§ **Information supplied**
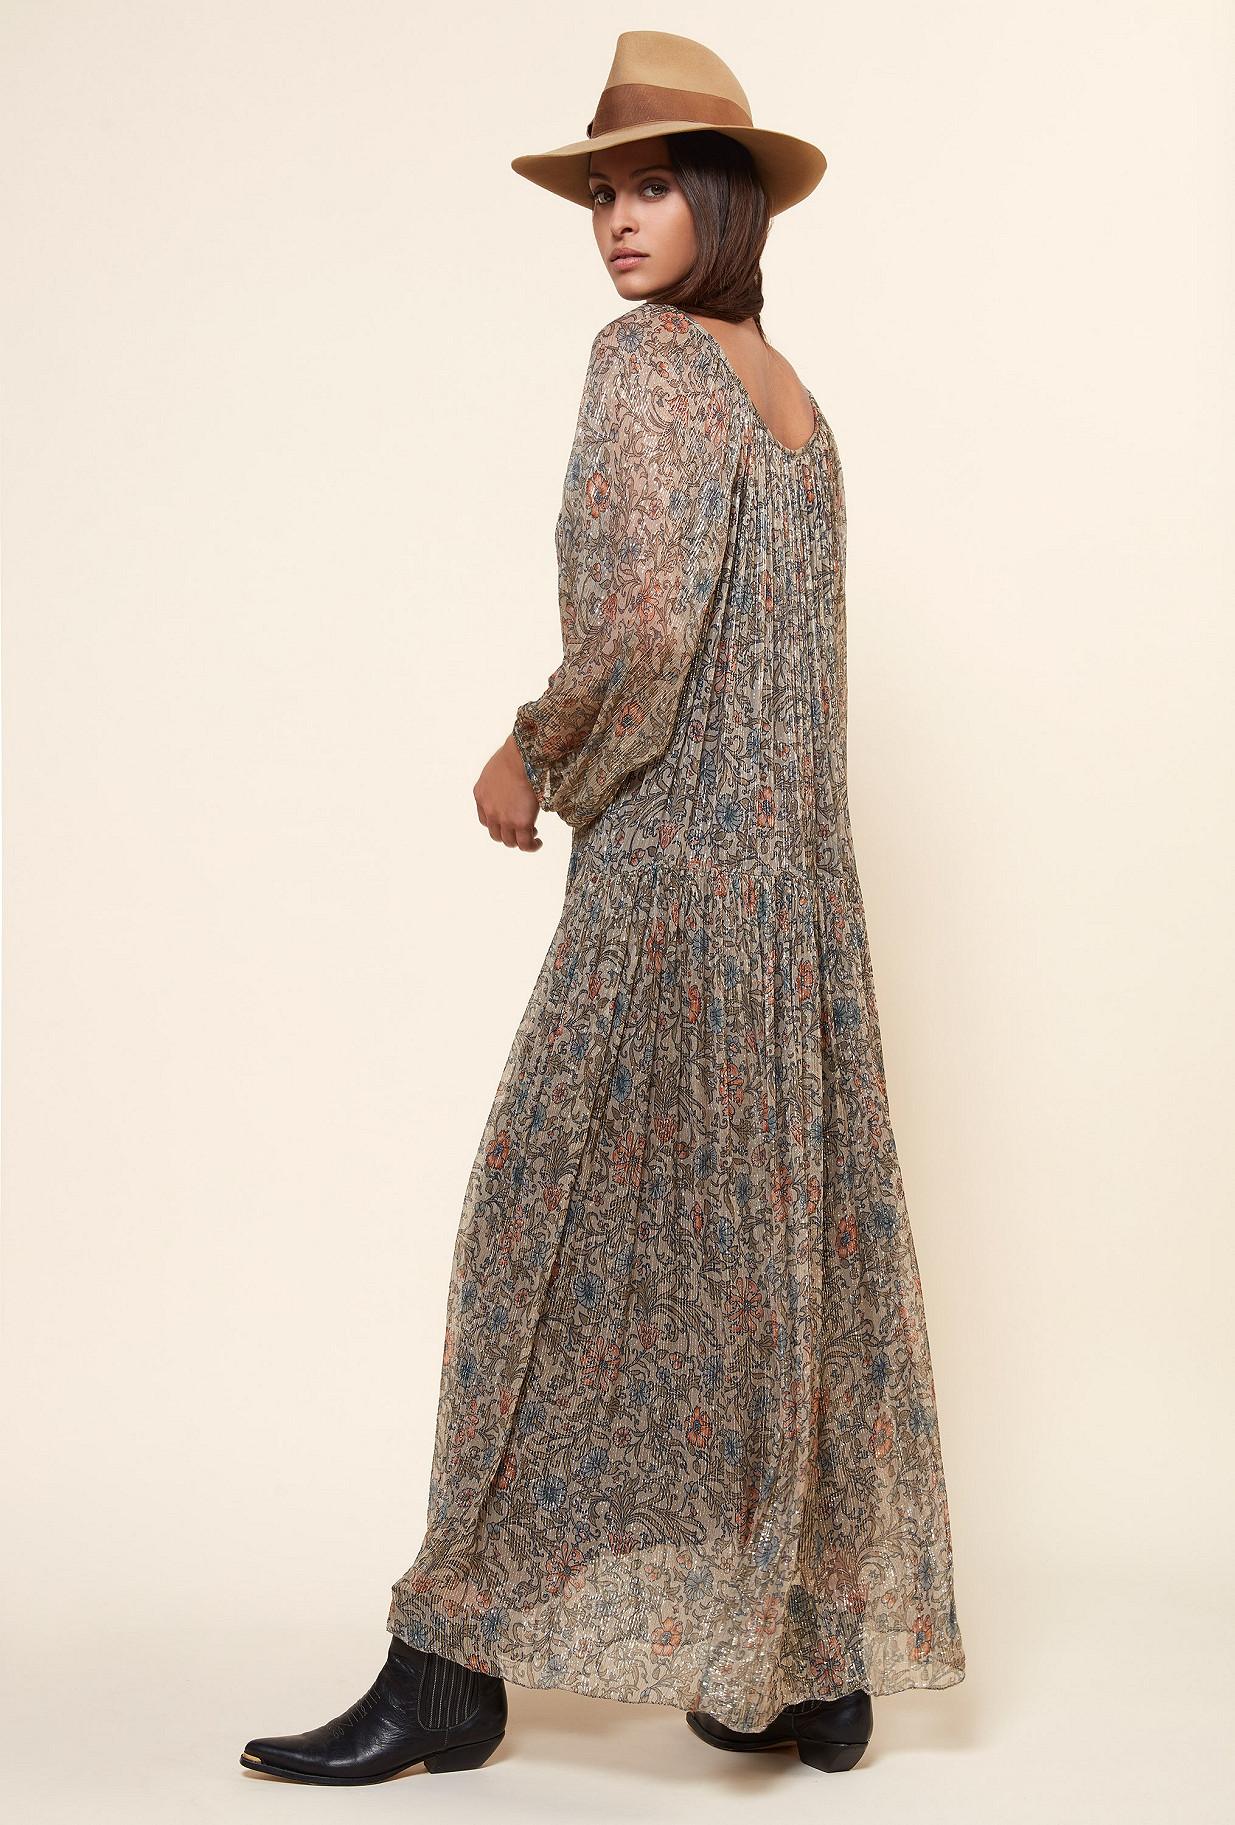 Floral print Dress Greta Mes Demoiselles Paris
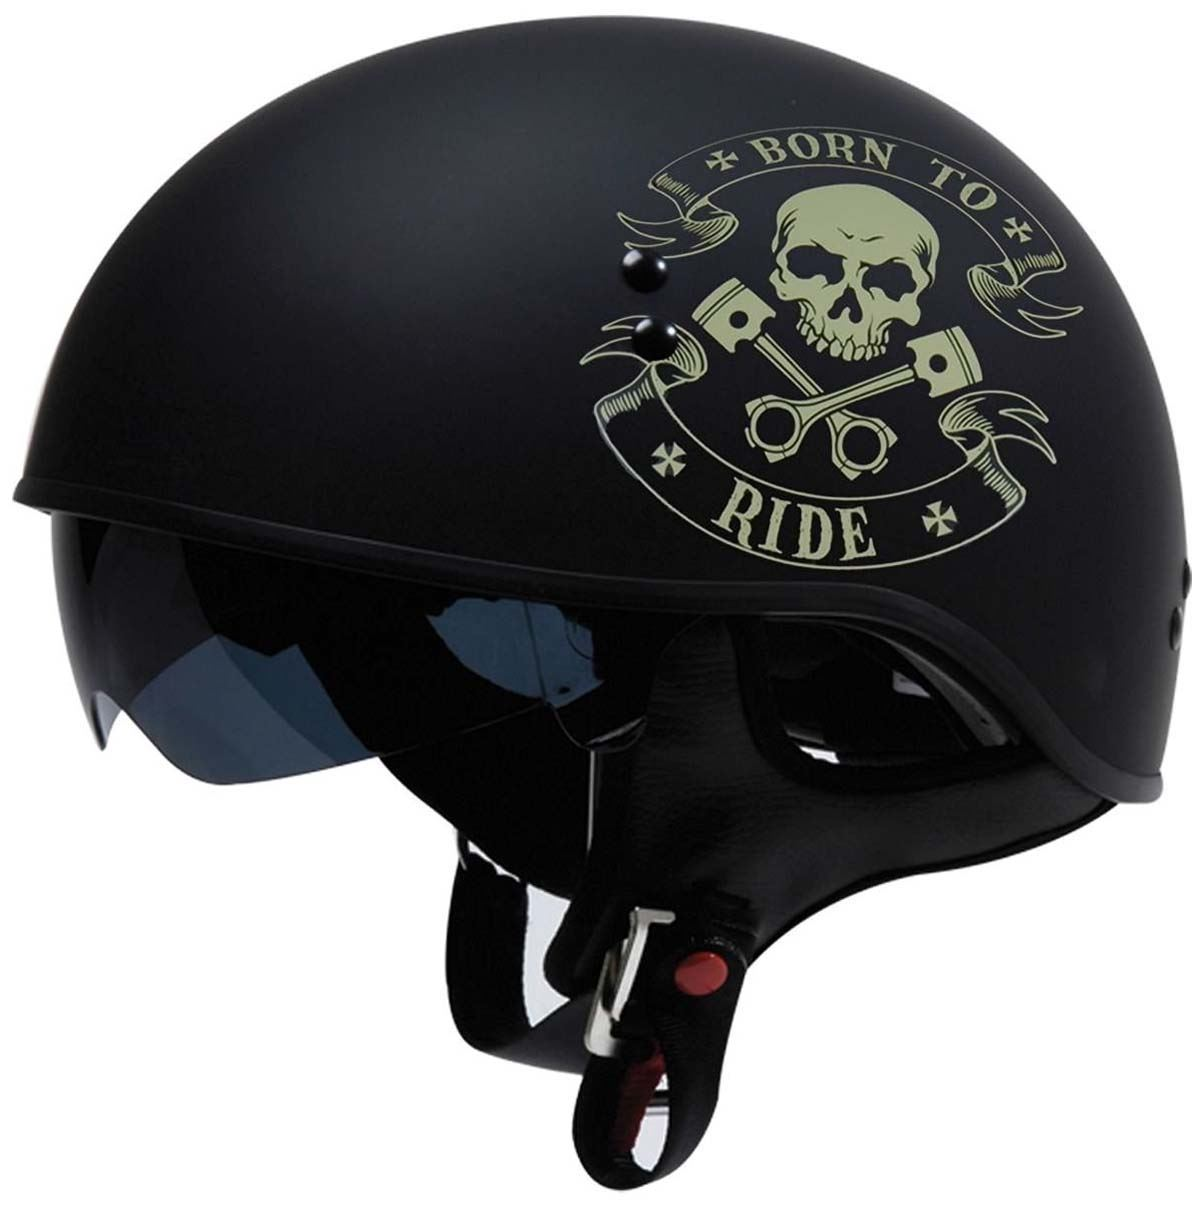 Skid Lid Helmets Original Helmet SIZE 2XL Flat Black
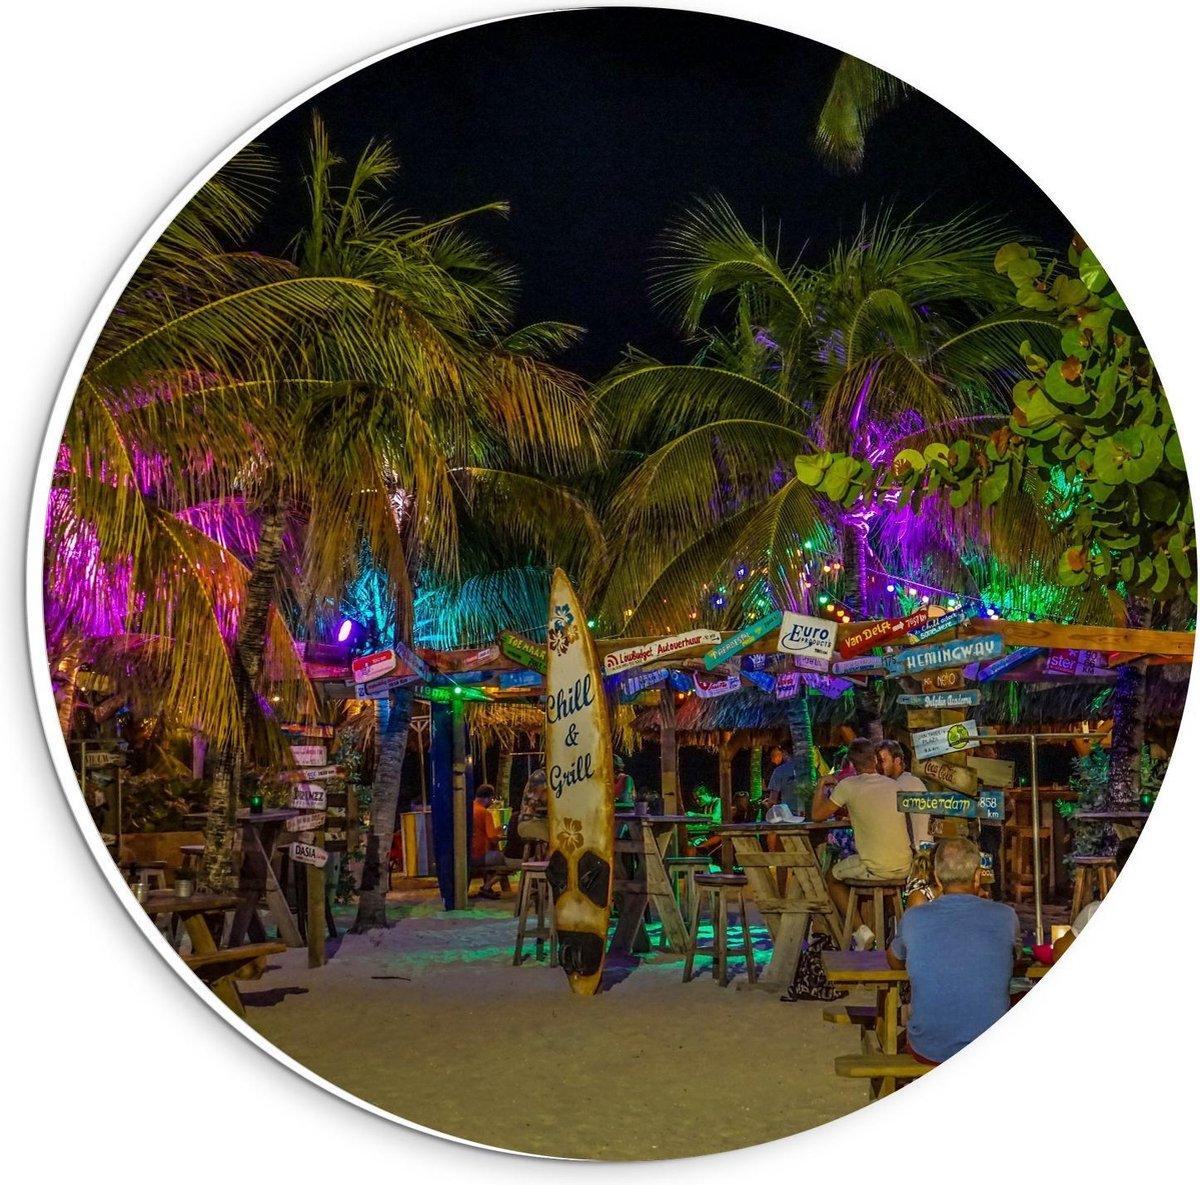 Forex Wandcirkel - Beachclubje in de Nacht - 20x20cm Foto op Wandcirkel (met ophangsysteem)
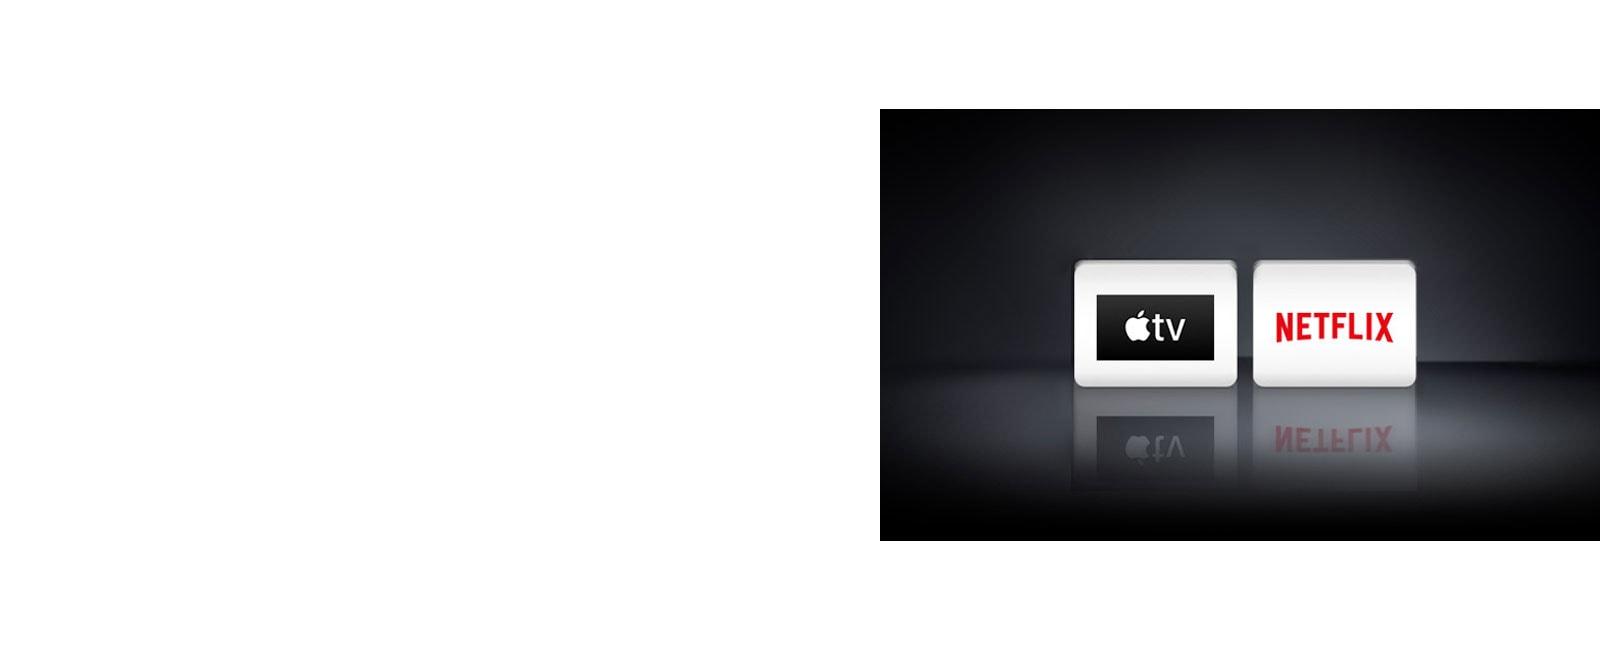 Empat logo: Apple TV app dan Netflix.

§ **About this exercise**
Return the material exactly as written, except for any pictures it holds.

§ **Task solution**
 Floral print Dress Greta Mes Demoiselles Paris
 Skid Lid Helmets Original Helmet SIZE 2XL Flat Black
 Forex Wandcirkel - Beachclubje in de Nacht - 20x20cm Foto op Wandcirkel (met ophangsysteem)
 Empat logo: Apple TV app dan Netflix.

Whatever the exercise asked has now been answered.